Intel has been having a tough few years trying to claw its way into smartphones and tablets and losing billions of dollars along the way. But it's still fighting.
As today's graphic shows, tablets and smartphones are now an important part of life, from shopping to offices.
Intel, the leading chipmaker for personal computers, ignored that market for too long. Recently it has been spending heavily to get back into the fast-growing mobile market so it can protect itself against slumping PC sales.
That effort hasn't been all that successful so far, with rivals such as Qualcomm and MediaTek controlling large pieces of the mobile market already. Having another viable player could help drive down prices in mobile through added competition, as well as provide consumers with more options.
Last week Intel chairman Andy Bryant kicked off an investor event by reinforcing his company's commitment to mobile regardless of all the losses. "I'm not going to tell you I'm proud of losing the kind of money we're losing," Mr Bryant told a crowd of investors and analysts at the company's California headquarters.
"But I'm also going to tell you I'm not embarrassed by it like I was a year ago about where we were."
He added that the company won't continue to accept losing so much money and it will make improvements. "This is the price you pay for sitting on the sidelines for a number of years, and then fighting your way back into a market," Mr Bryant said.
"We will get back in, we are getting back in."
Intel still has a lot of work to do in mobile. It has said it expects losses in mobile to continue through next year.
Saying it wants to integrate the mobile business more within the company, Intel said on Monday that it will combine its mobile and PC chip groups.
For now, Intel has managed to get its mobile processors or modems into just a handful of products, including the Asus PadFone X Mini smartphone-tablet hybrid in the US and Samsung Galaxy Alpha smartphone in Europe and Asia. Many of its mobile sales are going to entry-level tablets, though it's had to offer subsidies to manufacturers as part of the deals.
Despite Intel's woes in mobile, its main businesses of selling chips for PCs and data centres continue to be strong.
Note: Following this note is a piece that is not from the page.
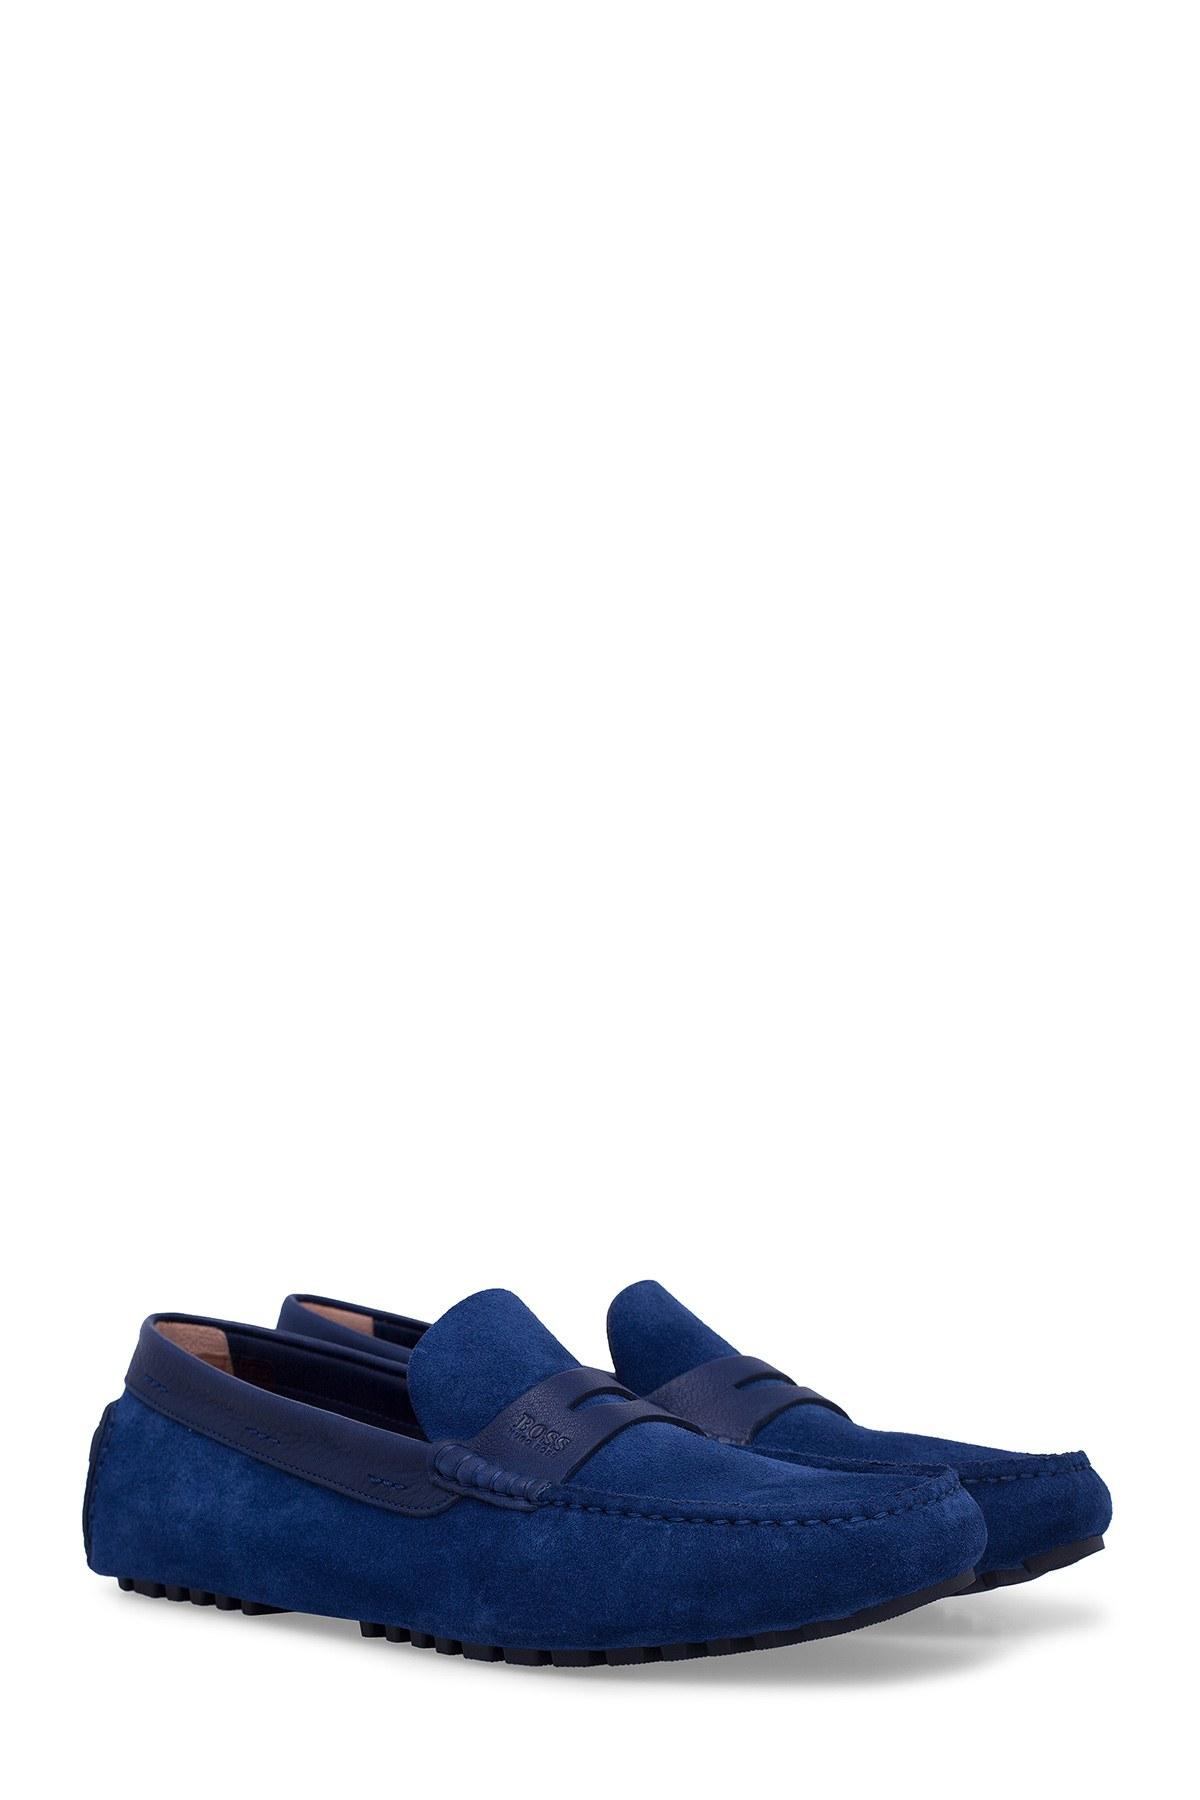 Hugo Boss Erkek Ayakkabı 50429920 410 LACİVERT

Intel's shares closed up nearly 5pc on Thursday after the company predicted revenue growth for 2015 in the "mid-single digits", ahead of analysts' expectations. The shares rose again yesterday.
Intel, helped by a stabilising personal computer market, gave a sales forecast for 2015 that was above Wall Street's expectations and also raised its dividend, sending its shares higher yesterday.
In a press release on Thursday evening, Intel said it expects revenue to grow by a mid-single digit percentage next year. Analysts on average have been forecasting 3.4pc revenue growth for 2015.